La série évite une approche moralisatrice et préfère observer les conséquences, parfois silencieuses, de cette spirale. L’univers de Mukbang ne se limite pas à un seul point de vue. Le récit adopte une structure chorale, donnant de l’espace à plusieurs personnages gravitant autour de Kim. Les relations familiales occupent une place importante, notamment à travers des échanges marqués par l’incompréhension et les attentes implicites. D’autres figures, issues du monde numérique ou du quotidien plus banal, viennent enrichir le propos et montrer l’impact indirect de cette quête de visibilité sur l’entourage. Parmi ces présences, Morphea occupe une position particulière.
Cette entité virtuelle, à la frontière entre assistance numérique et influence invisible, incarne une forme de logique algorithmique devenue presque autonome. Sans jamais tomber dans l’explication didactique, la série suggère comment certaines technologies orientent les comportements, encouragent l’excès et entretiennent l’illusion du contrôle personnel. Morphea n’impose rien frontalement, mais accompagne, conseille et amplifie les décisions déjà fragiles de Kim. La mise en scène joue un rôle essentiel dans cette immersion. Les écrans, les appels vidéo et les interfaces numériques sont intégrés directement dans le cadre, brouillant la frontière entre espace privé et espace public.
Cette approche visuelle renforce l’impression d’intrusion constante et rappelle à quel point la vie connectée laisse peu de place au retrait. Les scènes de mukbang, quant à elles, sont filmées de manière frontale, avec une attention particulière portée aux sons et aux gestes, créant un inconfort assumé. Sur le plan narratif, la saison 1 adopte un rythme volontairement contrasté. Les premiers épisodes privilégient l’installation psychologique et la solitude intérieure du personnage principal, tandis que la seconde moitié accélère la progression dramatique. Ce choix peut créer un léger déséquilibre, mais il reflète aussi la manière dont une exposition en ligne peut basculer rapidement, sans retour en arrière évident.

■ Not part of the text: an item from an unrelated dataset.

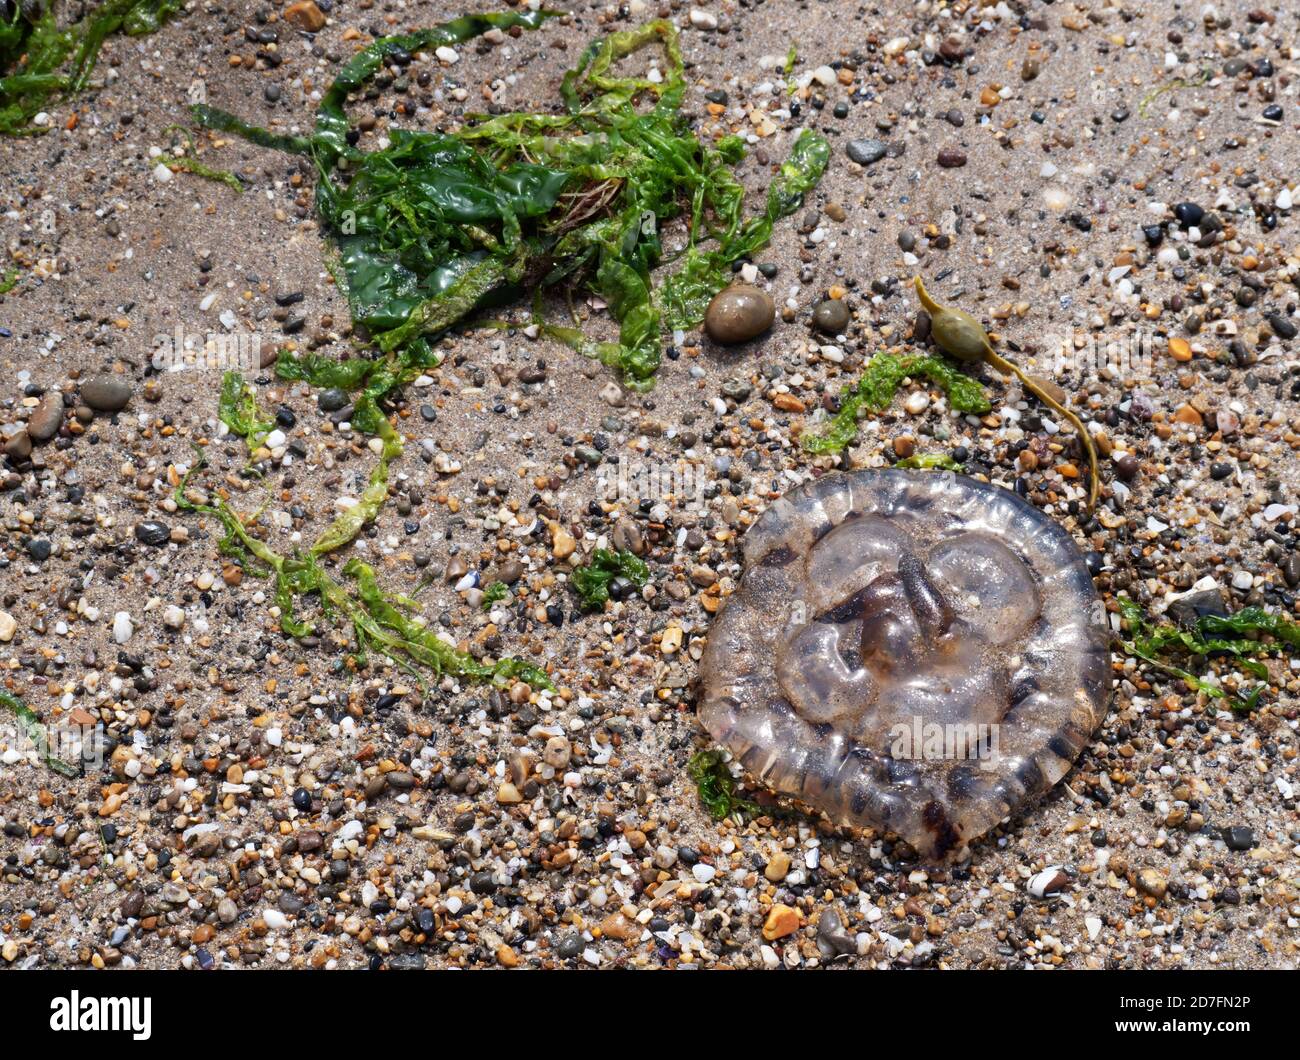 Moon jellyfish washed up on the beach in North Devon, England. Stock Photo

Certaines scènes laissent volontairement des zones floues, renforçant le sentiment de perte de repères. Les dialogues conservent parfois une dimension introspective marquée, héritée de leur origine littéraire. Cette écriture plus posée permet cependant d’aborder des thèmes complexes comme l’identité numérique, la dépendance à la validation externe ou la difficulté à maintenir des relations authentiques dans un environnement saturé de performances sociales. La série choisit l’observation plutôt que l’explication, laissant au spectateur le soin de relier les éléments. Mukbang se distingue aussi par son utilisation mesurée des codes de l’horreur. Ici, pas de monstres traditionnels, mais une inquiétude qui naît de situations plausibles et déjà présentes dans le quotidien.

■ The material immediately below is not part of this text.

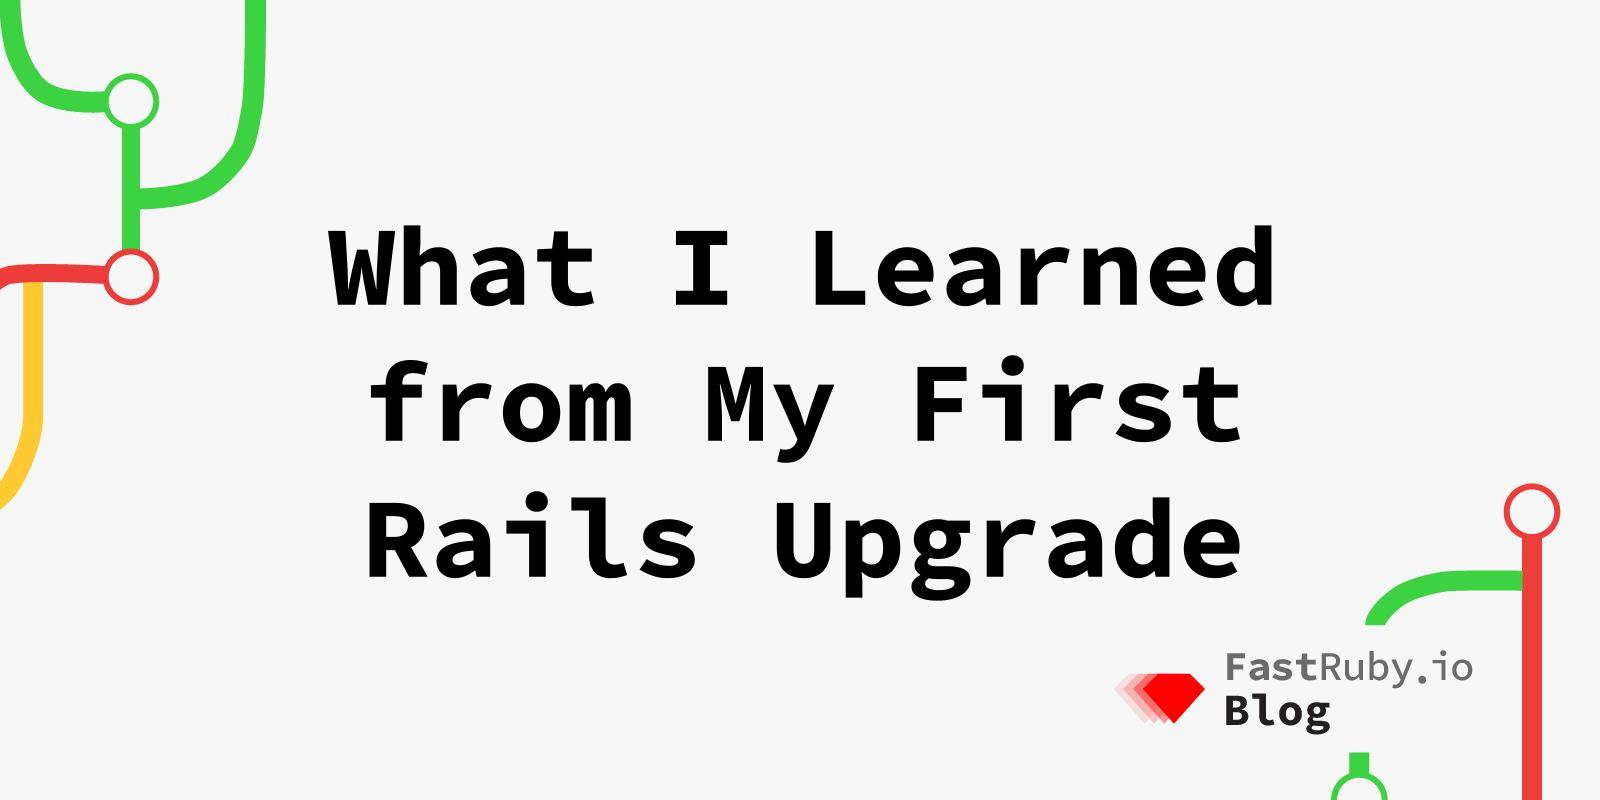 What I Learned from My First Rails Upgrade

Le malaise provient du corps exposé, de la répétition des gestes et de la perte progressive de contrôle. Cette approche rend la série particulièrement pertinente dans un contexte où la frontière entre vie personnelle et contenu monétisable devient de plus en plus floue. Au terme des huit épisodes, la saison 1 laisse une impression persistante. Le propos ne se limite pas à un phénomène de mode, mais interroge plus largement le besoin d’être vu, reconnu et validé dans un espace numérique qui fonctionne selon ses propres règles. Mukbang propose ainsi une fiction qui agit comme un miroir, parfois inconfortable, de pratiques largement banalisées.
Note : 6.5/10. En bref, sans chercher à choquer gratuitement, la série rappelle que certaines formes de visibilité ont un coût, souvent invisible au départ, mais bien réel à long terme.